Name Kind What it does
honey core skill (always-on) the three levers, applied reflexively to every response. /honey [lite|full|ultra|off]
honey-design satellite skill for user-facing UI (landing pages, components): keeps the full rendered polish, cuts tokens by writing the design densely (CSS vars, shared classes, clamp()) — same pixels, fewer tokens
honey-review satellite skill review a diff for over-engineering + over-verbosity; terse delete-list
honey-eco satellite skill this session's CO₂ / $ / tokens saved, from the committed EcoLogits port
honey-gain satellite skill the committed benchmark scoreboard (reads bench/results/ at runtime)
honey-compress satellite skill rewrite a re-read memory file (CLAUDE.md, AGENTS.md) tersely to cut input tokens; backs up the original
honey-memory satellite skill create + maintain one committed per-project PROJECT.md so agents stop re-discovering the same facts every cold session; stores only stable, not-in-the-code context, kept honest by living in git
honey-ccr satellite skill crush huge redundant array tool output (logs, scan results) to a sampled view; lossy-but-recoverable via eso crush/retrieve
honey-hive guide skill decide when to delegate to the hive vs. work inline
hive-scout subagent (haiku, read-only) locate symbols / callers / configs; returns a compact id-keyed JSON map
hive-reviewer subagent (haiku, read-only) review a diff/files; returns columnar id-keyed JSON findings
hive-builder subagent (sonnet, ≤2 files) make a surgical edit under the ladder; returns a compact change-manifest

The hive is Lever 3 with a runtime: each subagent returns a compressed handoff,
so the result injected back into the orchestrator's context is −44–53% smaller
with zero loss (npm run bench:hive). Live, the skills hold up too — honey −86%,
honey-review −70%, hive-reviewer −43% output tokens at passing correctness
(npm run bench:skills). See bench/hive/RESULTS.md and
bench/skills/RESULTS.md.

On user-facing work — where the core skill spends tokens because polish is the
spec — honey-design keeps the same rendered polish for −19% output tokens vs no
skill (judge 92 vs 90), beating the core skill on both axes across 7 landing-page/UI
tasks. See bench/results/honey-design.md.

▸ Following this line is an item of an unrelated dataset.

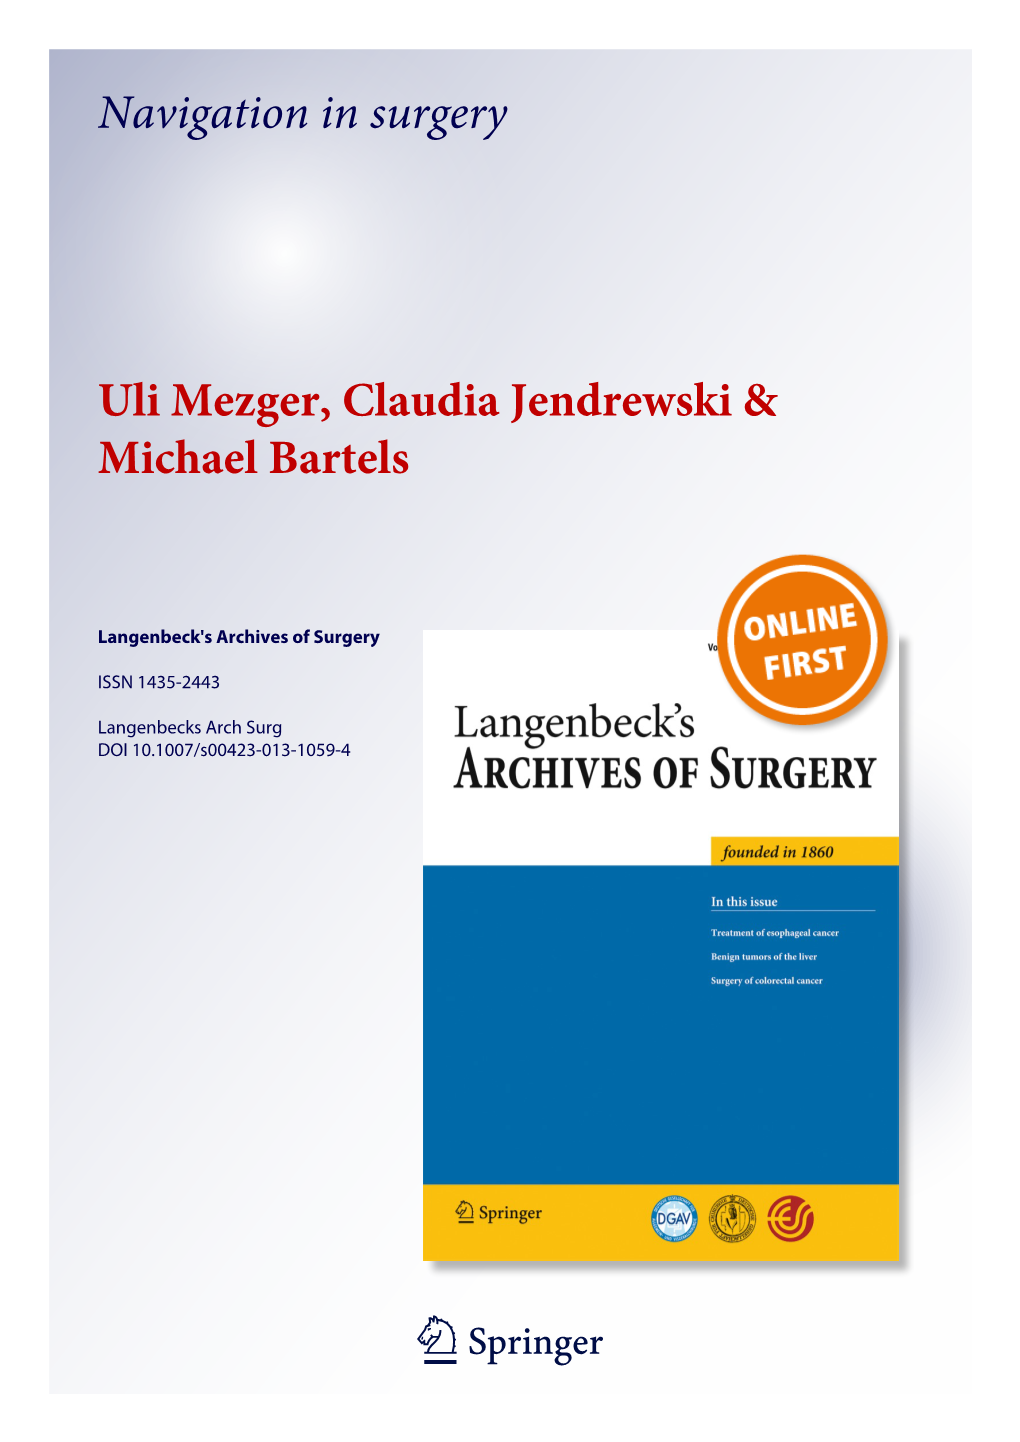 Navigation in Surgery Uli Mezger, Claudia Jendrewski & Michael Bartels
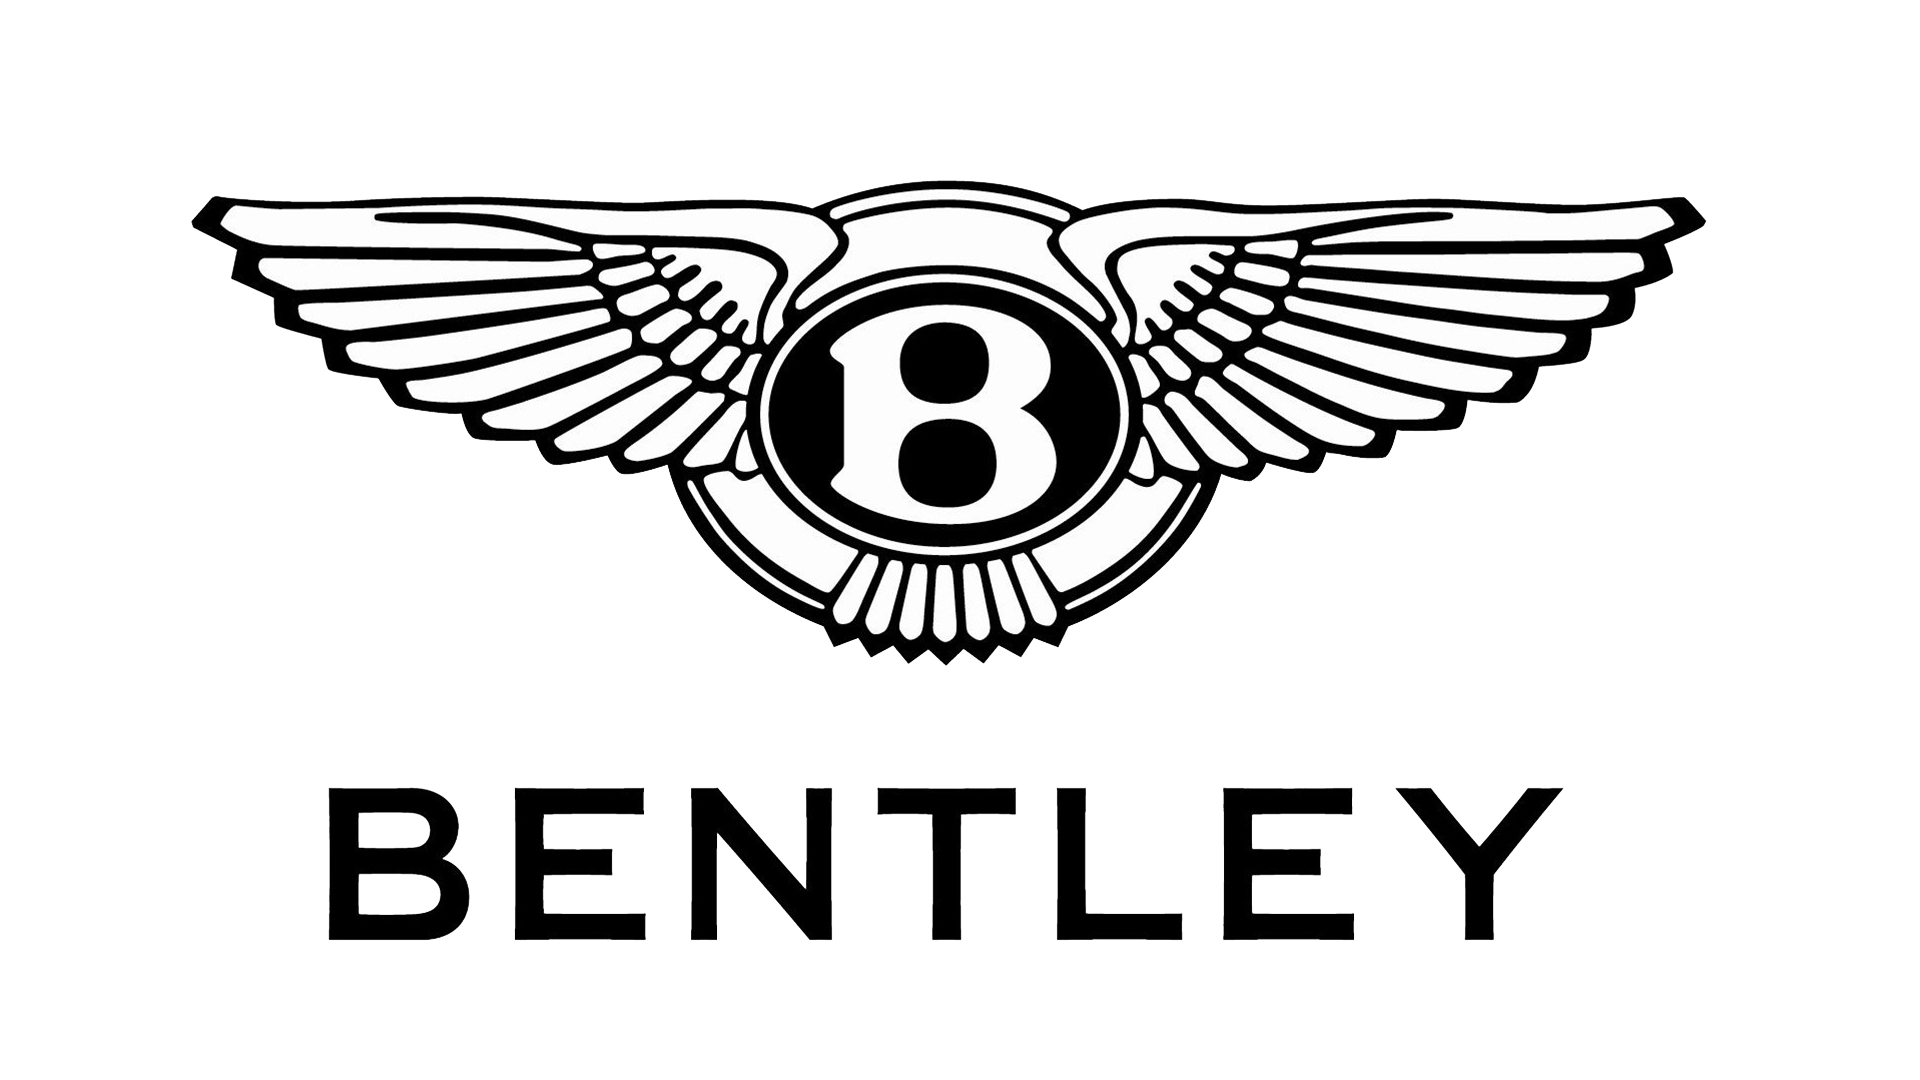 Bentley-symbol-black-1920x1080.png

Honesty note. Earlier versions of this README quoted 92% / 78% / 73% quality
and −57% / −65% / −70% tokens from an unpublished run. Those don't reproduce —
the real quality spread is far narrower and the token savings are tier-dependent
(and Ponytail adds tokens on simple code). The table above is what the committed
bench/ harness actually produces; see
bench/results/combined.md for the full breakdown.

Install

Claude Code (plugin marketplace)

/plugin marketplace add Green-PT/honey-for-devs
/plugin install honey@greenpt

Then /honey to turn it on (/honey lite|full|ultra to set intensity,
/honey off to stop). A 🍯 badge shows the active mode in your statusline.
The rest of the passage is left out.